Vintner looked at Lossness, who shrugged, and suddenly the President’s face was back. “What if it was me who told the lie? You’d only have to… prevaricate. All married people do that, as you must know—I see you were married once before.”

“I’m not sure I understand…”

“What if you told her that I was going to make a big speech tomorrow—about how we were going to Mars, to assist the Chinese in their Mars mission, if needed, and to do our own orbital surveys.”

“But we’re not…”

“No, but that’s what I’m going to say tomorrow. To everybody on the planet. Eventually, the secret will leak, and then… you’ll have to deal with it when it happens. But there’s not much difference between a long, slow trip to Mars and a long, fast one to Saturn. And your little prevarication wouldn’t look like much, next to my big one.”

“That seems pretty technical, I mean, on an emotional level.”

“Screw a bunch of emotions. If your relationship can’t survive a little white lie, then it probably can’t survive, anyway,” Santeros said. “Might as well get it over with.”

Fang-Castro had a snappy comeback to that, but suppressed it. Santeros’s husband was known as Happy Frank, as was his penis, which had reportedly traveled to places it shouldn’t have. Instead, Fang-Castro said, “Listen… I, uh…” She put a finger to her lips, thought for a few seconds, realized that she desperately wanted to go. She said, “I’ll take it. I’ll go.”

The President smiled and said, “Excellent. We want you pretty badly.” And she was gone again.

Vintner said, “I apologize if I seemed a little… pushy, but we’ve been under a lot of pressure with very little sleep for the past couple days.”

“Apology accepted,” Fang-Castro said. “Let’s get down to it. What kinds of mods are we talking about? What’s our propulsion system going to be? Who is handling recruiting of the ship’s complement and scientists? I have some current personnel I’d like to have vetted for this, particularly my Number Two…”

Ninety minutes later—it seemed like ten—Fang-Castro closed the screen, raised the security firewall, and took a deep breath. Ruined dinners were a point of discord in their relationship and there was some making-nice to be done: Tomaselli took her cooking seriously, and this wouldn’t be their first ruined dinner.

Back in the common room, Tomaselli was immersed in a book. She didn’t look up. The window shade was drawn. Not good signs.

Fang-Castro said, “I need to tell you something that falls under your top secret clearance. It comes with a warning from the President: you’ll be prosecuted if you say a word about this to anyone but me, before tomorrow at one o’clock.”

Tomaselli was pissed, but she wasn’t stupid: some things were more important than dinner. “What?”

“The President says we’re going to Mars,” Fang-Castro said. “I made them agree that I could tell you, before the announcement. They want me to take the job, and I accepted. I’d never dictate to you, Llorena, and I know this will be a long separation… but it wouldn’t start for a couple of years. I would be desperately sad to… leave you behind.”

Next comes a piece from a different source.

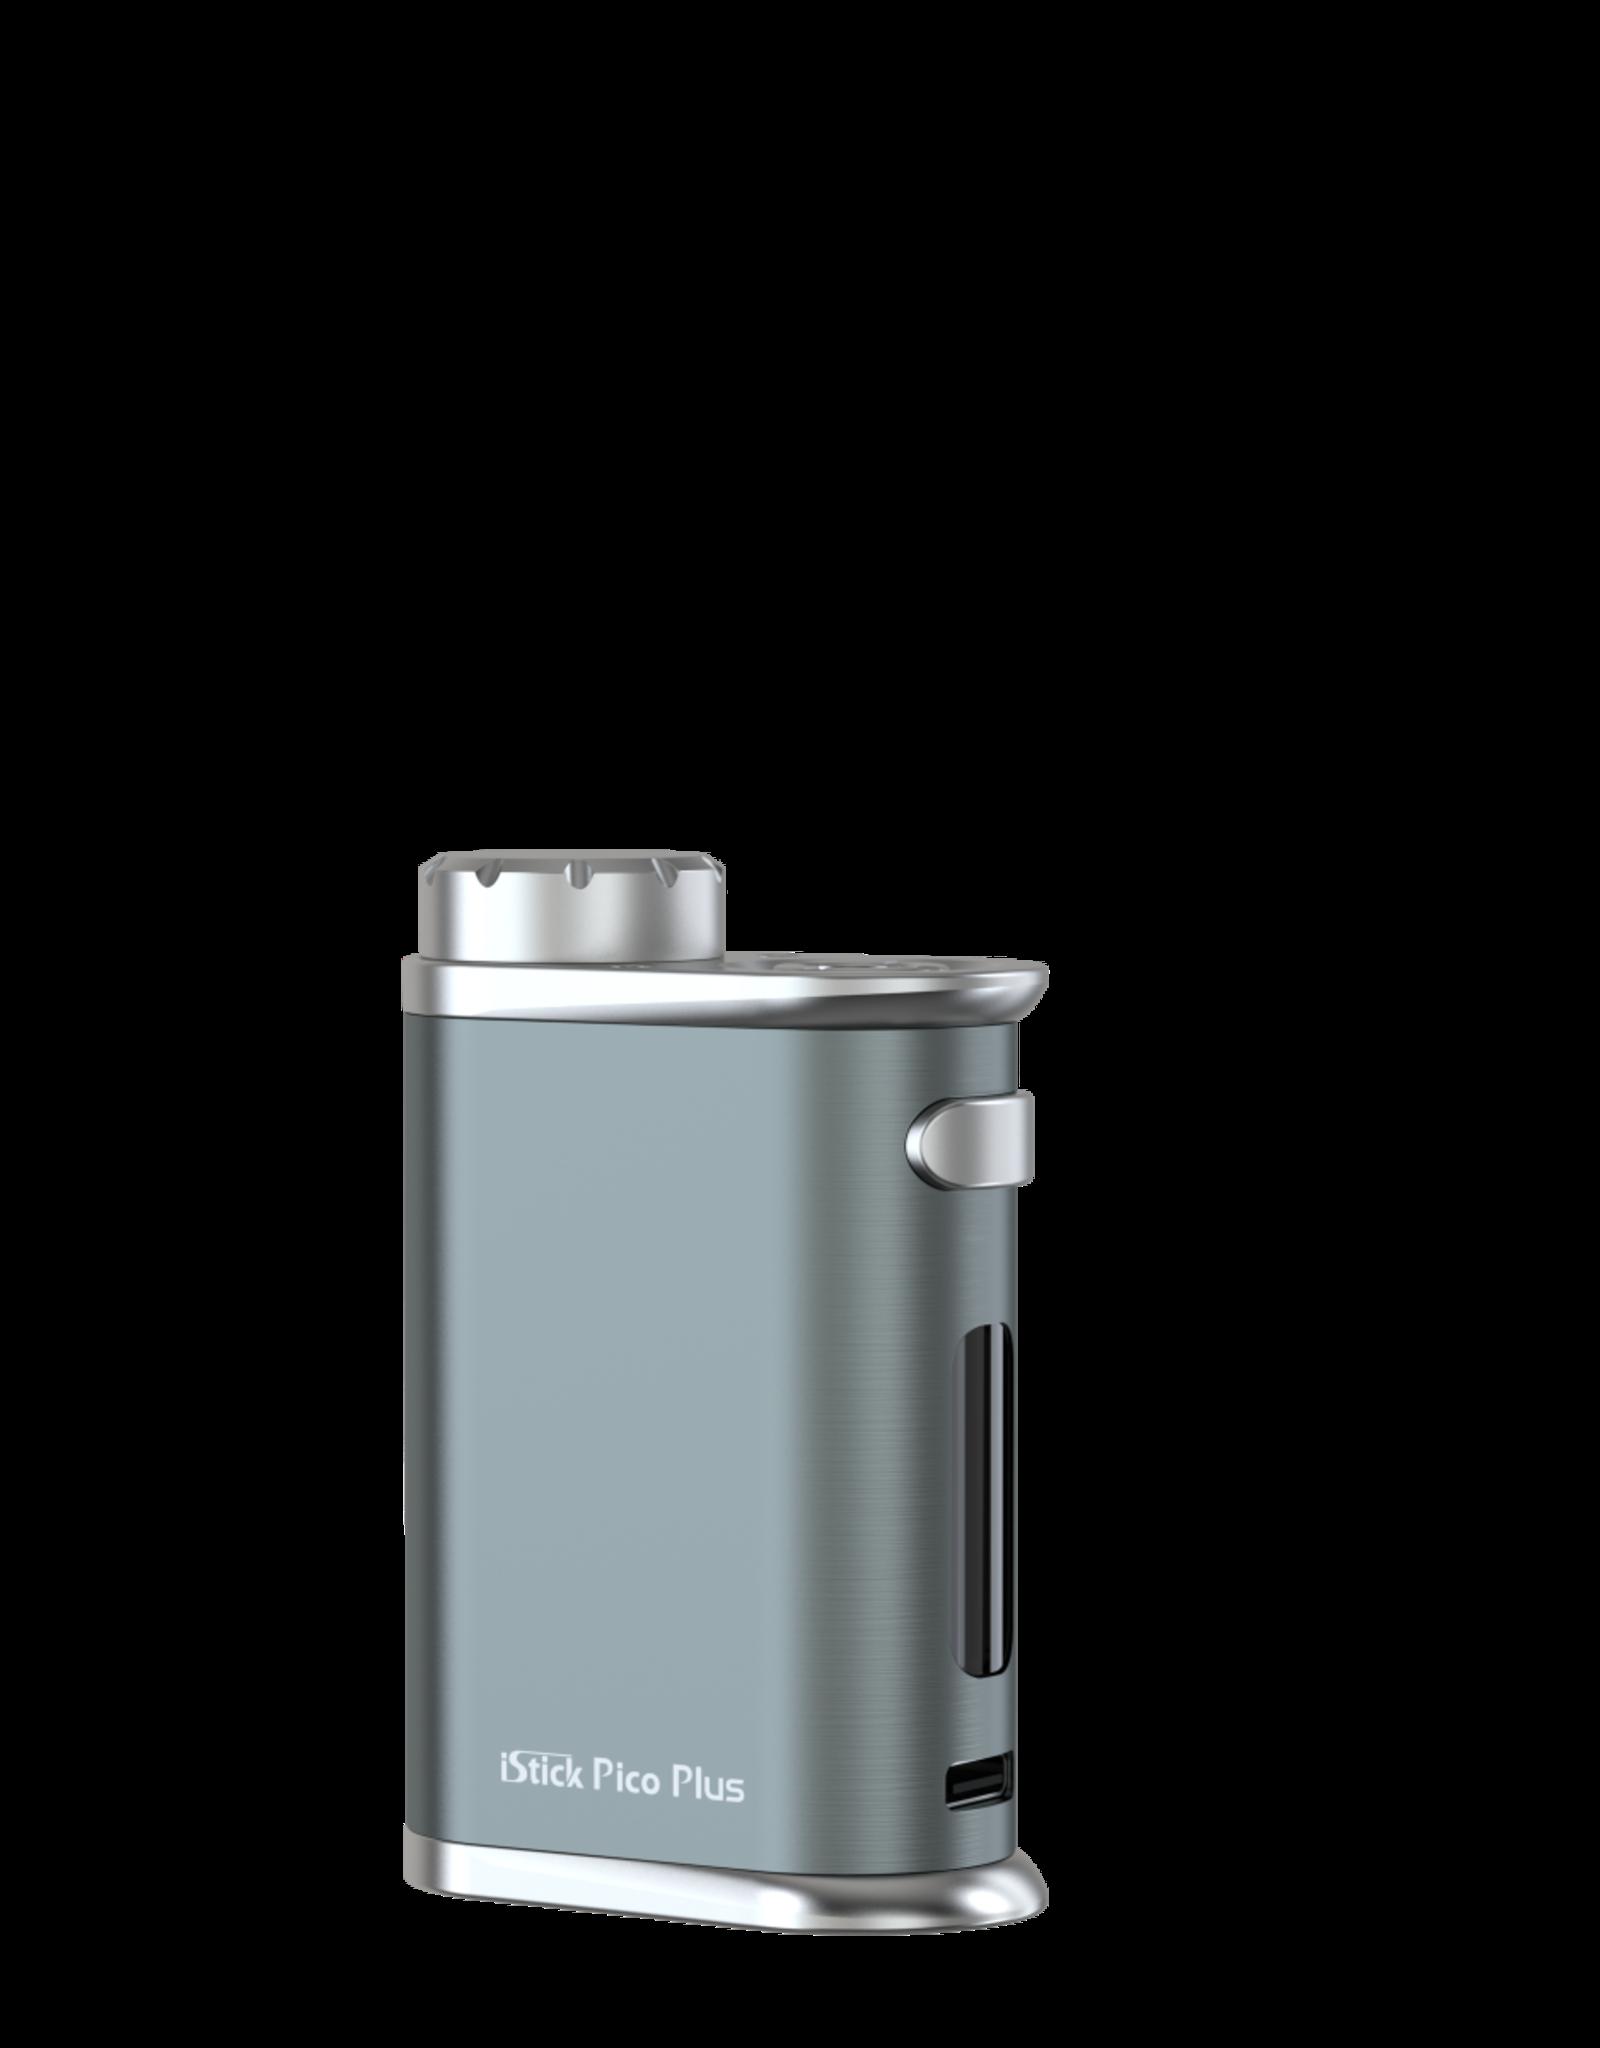 eLeaf Eleaf iStick Pico Plus Mod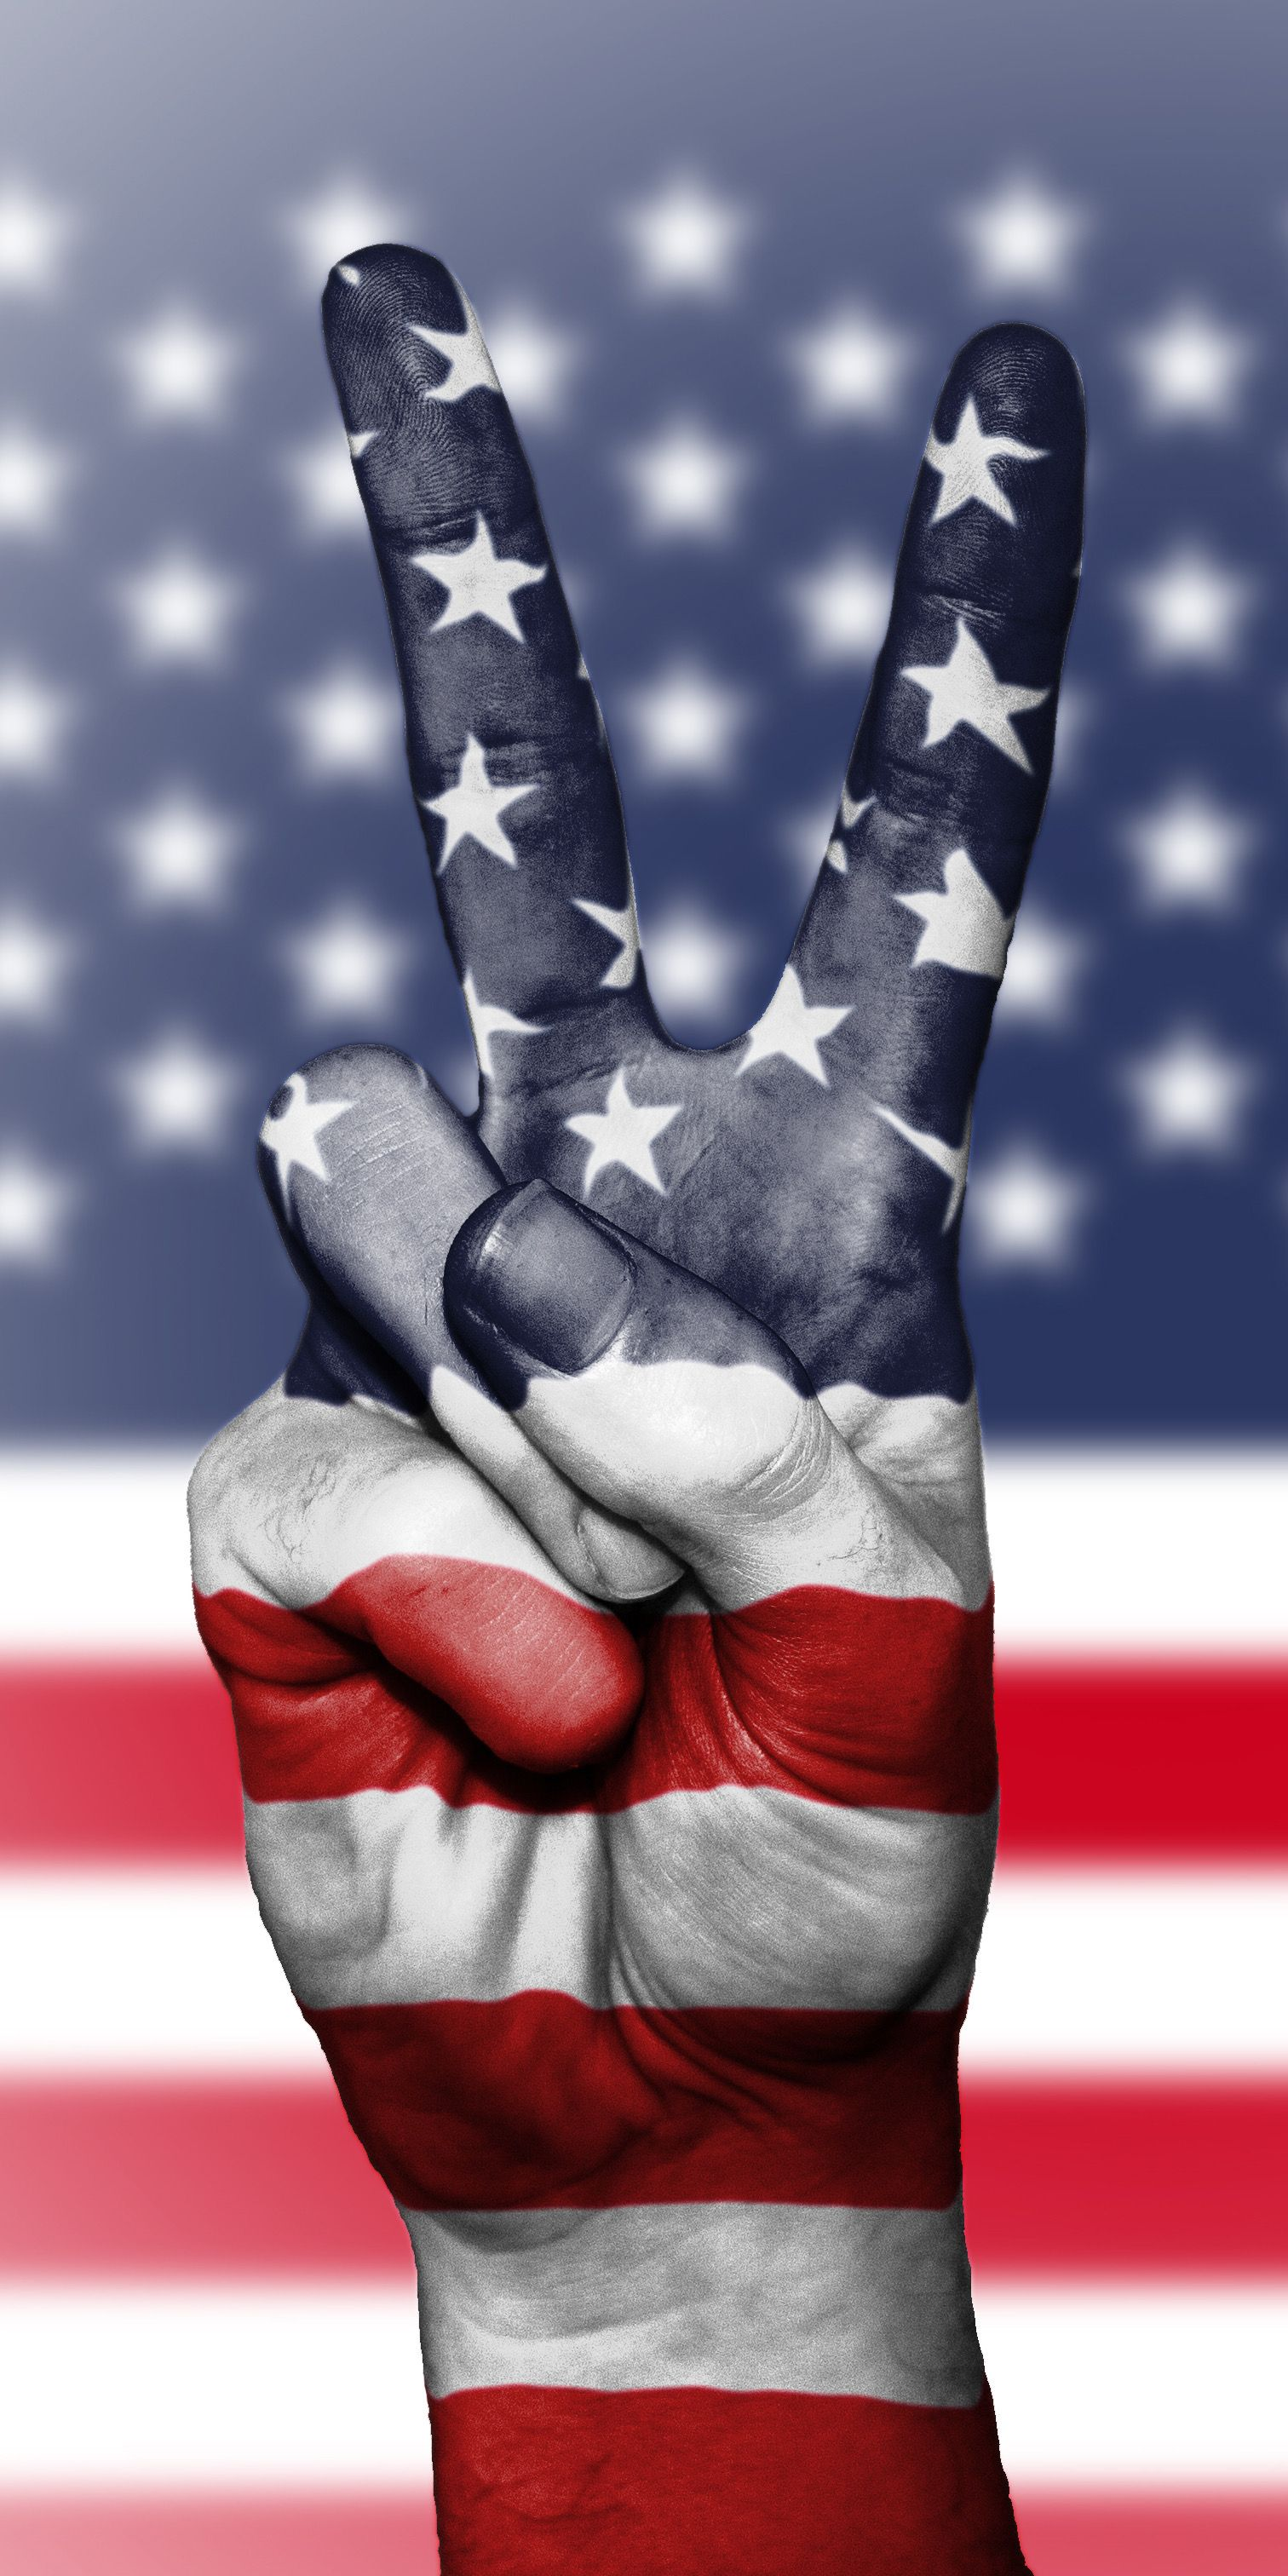 American Flag Peace Sign Wallpaper In 2020 American Flag Wallpaper Usa Flag Wallpaper Patriotic Wallpaper

“Mars? You made who agree?”

“Santeros… and a couple of high-level bureaucrats,” Fang-Castro said. “That’s who I was talking to.” And, “Listen, I’m really sorry about your dinner.”

“Oh, fuck the beans, Naomi,” Tomaselli said. “What in God’s name just happened?”

Fang-Castro said, “I don’t have the details, because nobody does. All I got was a lot of engineering questions. Maybe we’ll get some details tomorrow, when Santeros makes her big speech.”

Little white lies.

5.

Sandy let the van’s nav take him home; it was quicker that way, locking into fast-lane traffic across town to Pasadena. Zuma Beach had been a bust, with too many people, too few decent waves. And he’d been distracted: couldn’t be thinking about alien starships when your board was trying to kick your ass into the deep.